Truly, as EFT psychotherapists, we are healers.

 

Healer and wholeness are words connected with healing, health, and Holiness.


To come to a closure:

 

 

Referring to Gregory Bateson I can propose that it is necessary to respond to the 'interfaces', or the encounters, of different wholeness’s with complexity. Complexity being different than complicatedness. Complexity being a feature of nature, complicated is what humans make. By wholeness (he speaks of systems) Bateson means both man, culture, and nature.  

 

In fact, he means everything living, the so called Creatura. 

 

 

 

This is a complex world. Complexity, according to my understanding, then refers to the dialectical opposite of simplifying, of using, of buying, of categorizing, in brief to the opposite of power from one over the other.  This is where things get complicated.

 

When we cannot realize dialogue in interconnectedness the ‘parts’ become ‘parties’ and tend to become simple. And live becomes complicated.

 

 

 

`I believe opening dialogue demands love, courage, and a vision of our being part of a larger whole’

 


 

Bateson writes:  

 

 

 

"It presupposes at least seeing one's own complexity and the complexity of the other. So that a forest is not just wood that can be cut down, but an ecosystem”.

 

 

 

He then proposes the possibility that together we form an overarching whole, connected through a network of mental processes.

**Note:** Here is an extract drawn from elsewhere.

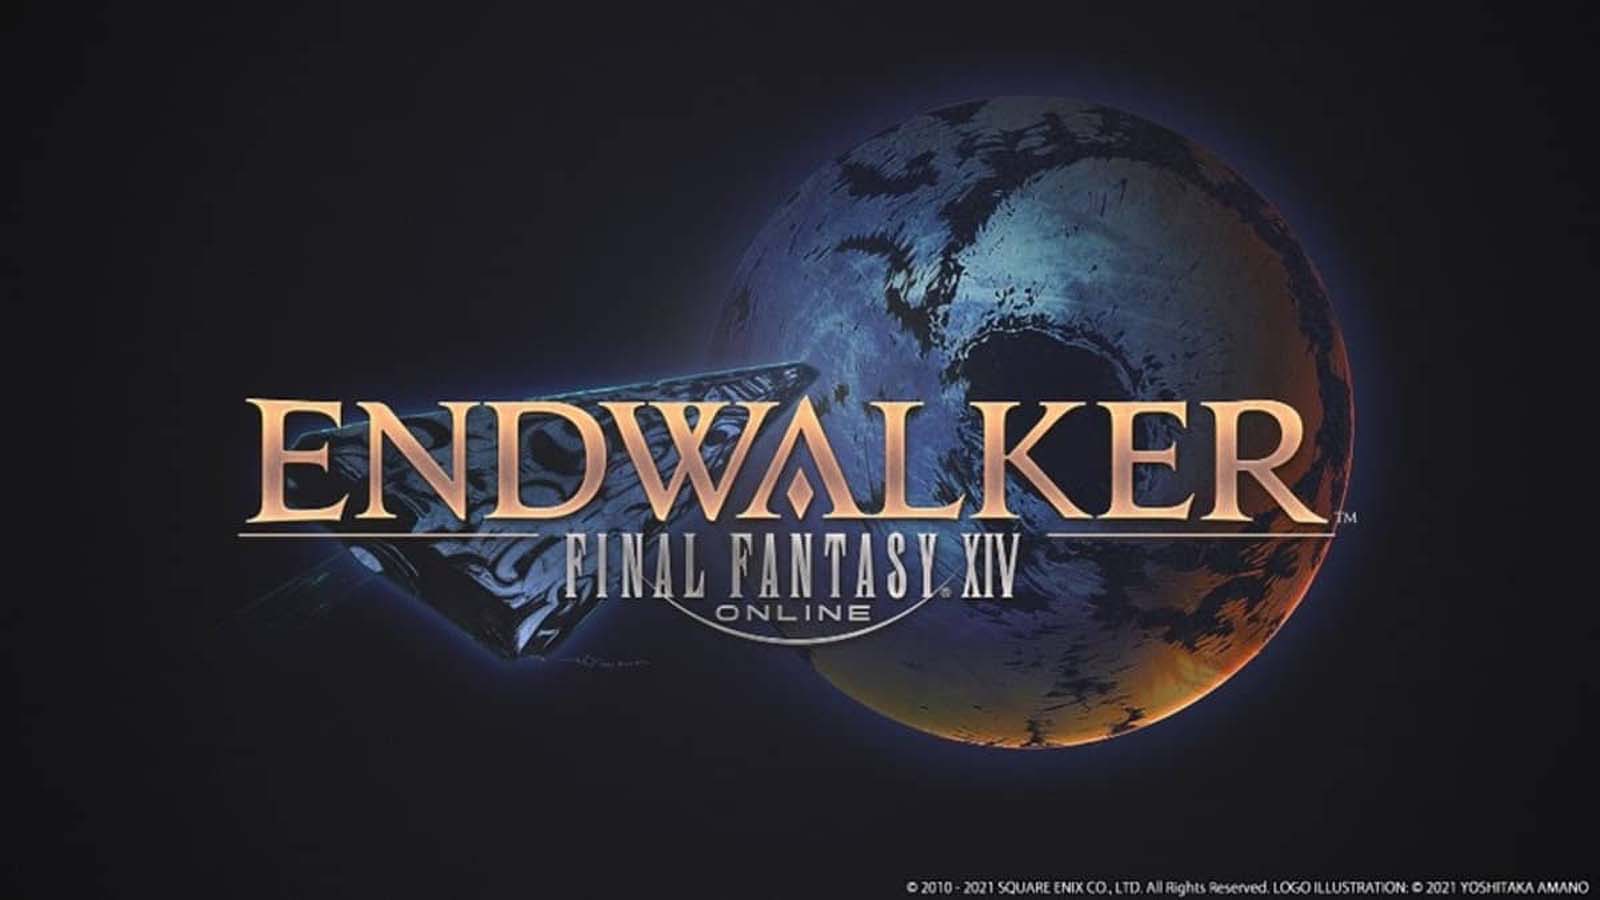 Final Fantasy Xiv Endwalker Announces New Release Date
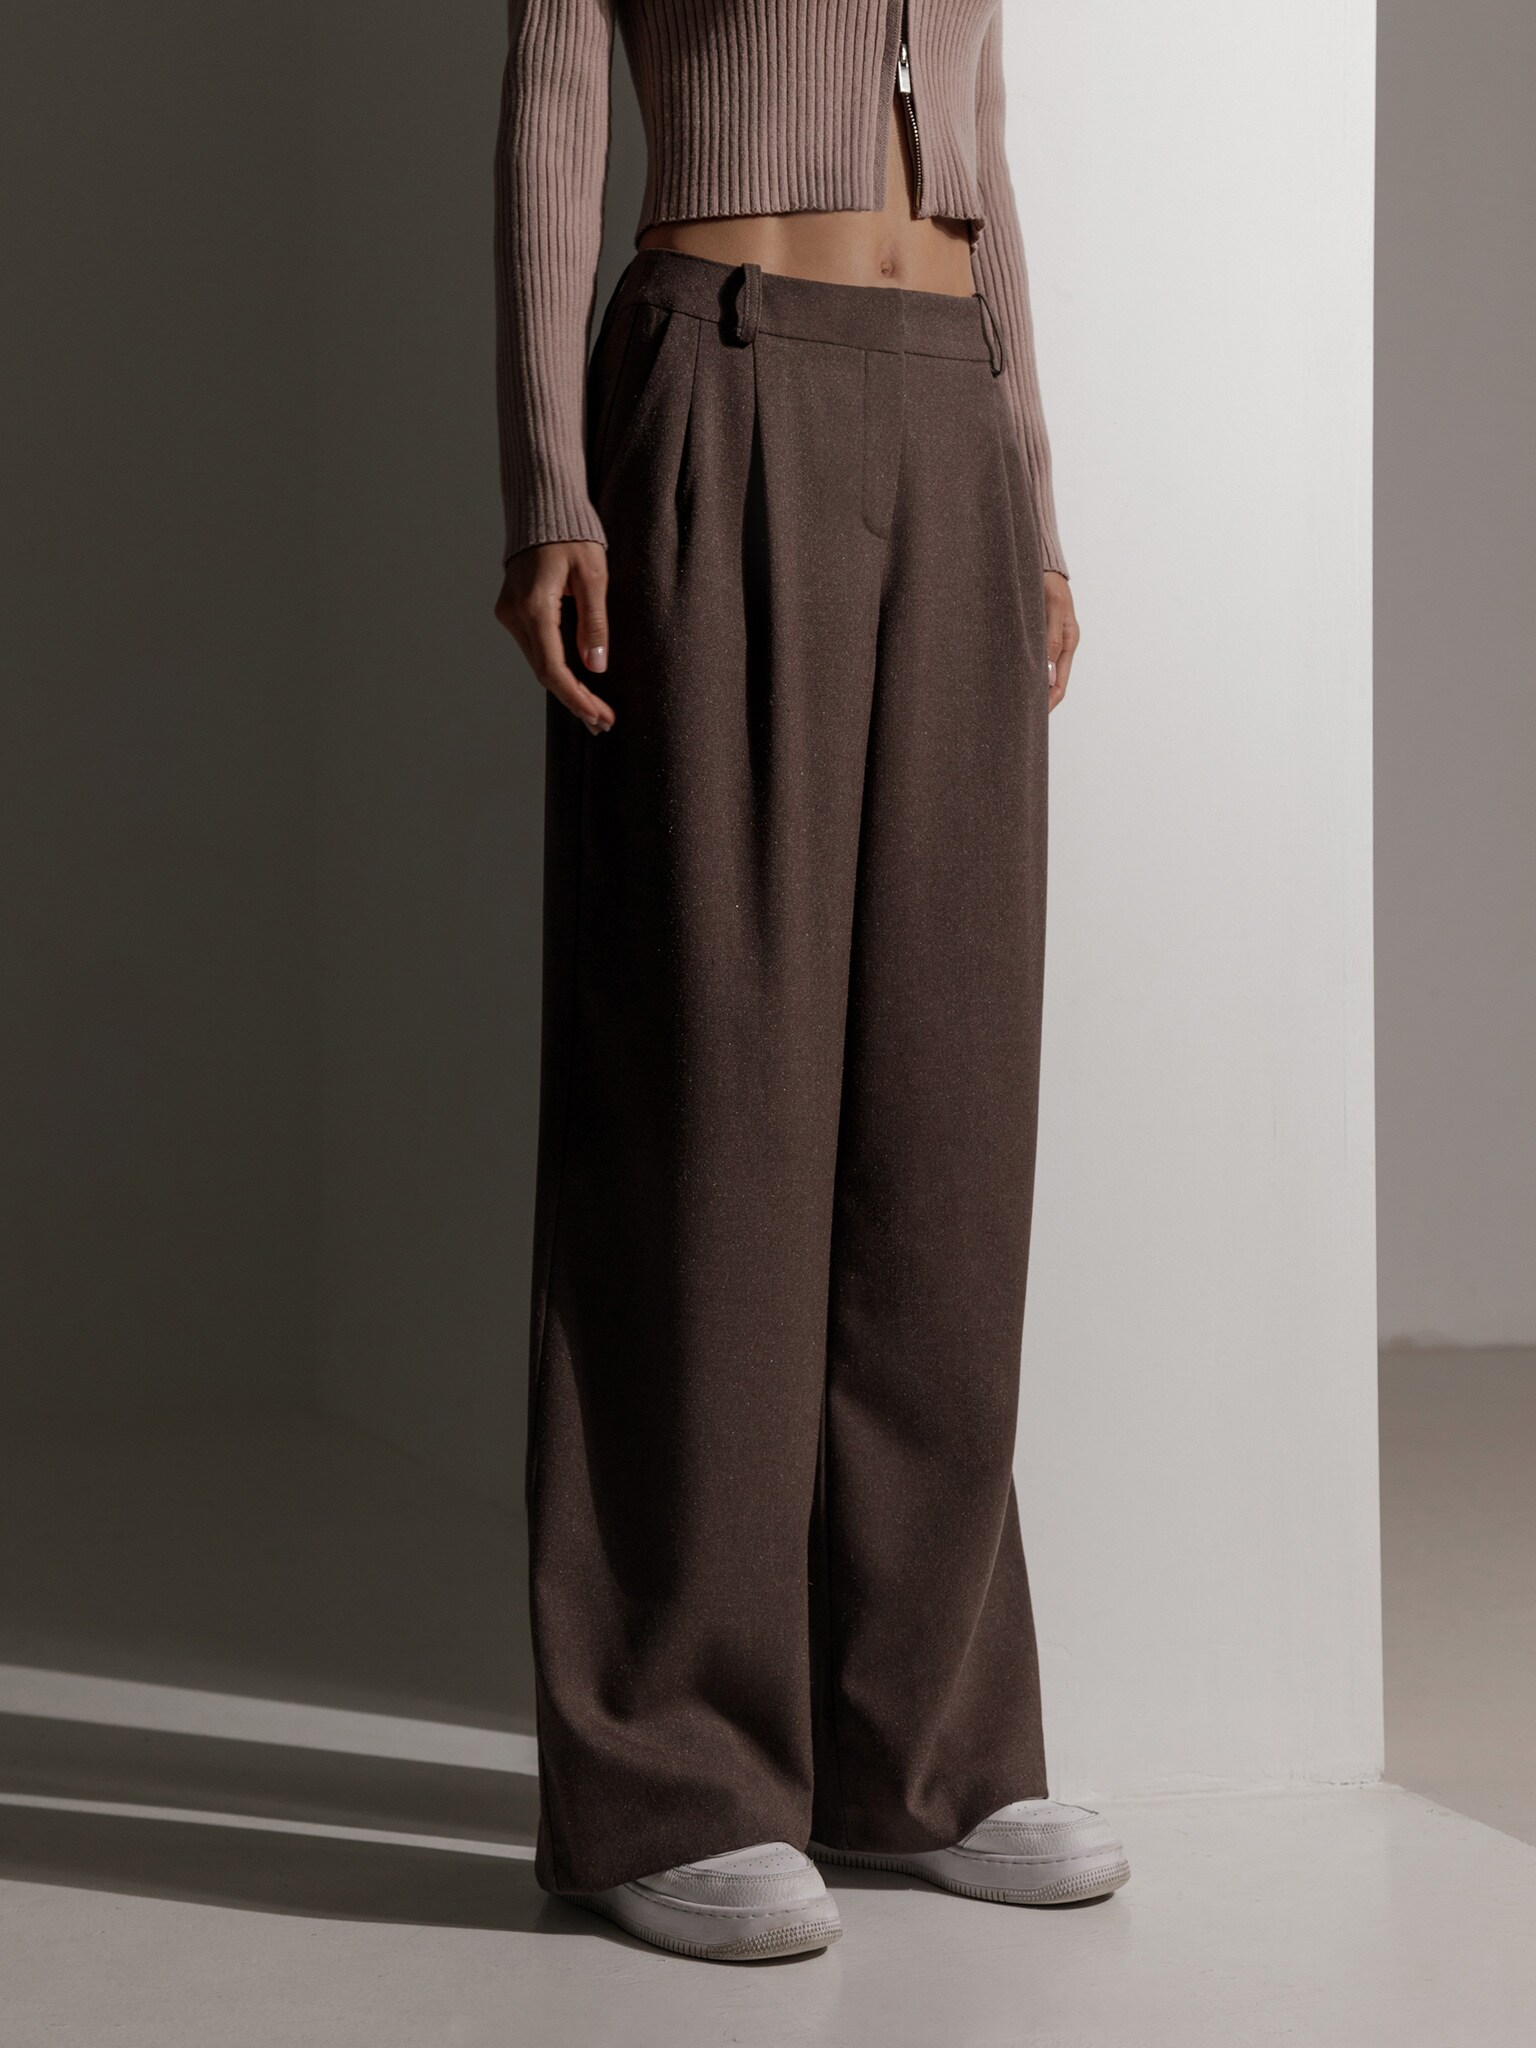 Шерстяные брюки-палаццо с защипами :: LICHI - Online fashion store

Such conception/perception of self and other, connected through mental processes, united in an overarching whole is the confirmation of what he calls the Sacred, the Holy. 

 

 

 

Whenever we feel in connection with ‘the other’, with the whole, then we recognize the whole in us, then we are in the miracle of  living. We are in the Holy.

 

 

 

That whole, when it concerns the human (but probably for most living things), then is a subjective experience of reality. To cite Heinz von Foerster "It is syntactically and semantically correct to say that subjective statements are made by subjects.   Thus, correspondingly, we may say that objective statements are made by objects.  It is only too bad that these damned things don't make any statements at all." (Heinz Von Foerster, 1976, p. 16).

 

 

 

Being in the miracle of living forms ‘Holy’ moments.

 

 

 

Being able to help subjects who are disconnected in difference, subjects who lost connection with themselves, to form a whole again, to help them feel part of a larger whole, to experience their selves as whole, is why we are so eager to do EFT.

 

 

 

because now and then,

 

occasionally,

 

we may participate, 

 

be part of,

 

a Holiness

 

in moments

 

when a person,

 

a couple,

 

a parent and a child,

 

are briefly in synchrony,

 

in harmony,

 

and forget that they are separate,

 

while being themselves

 

in this relationship,

 

being whole

 

in this relationship

 

that at the same time

 

transcends them. 

 

 

 

In those Sacred moments, we are without words, and yet we know!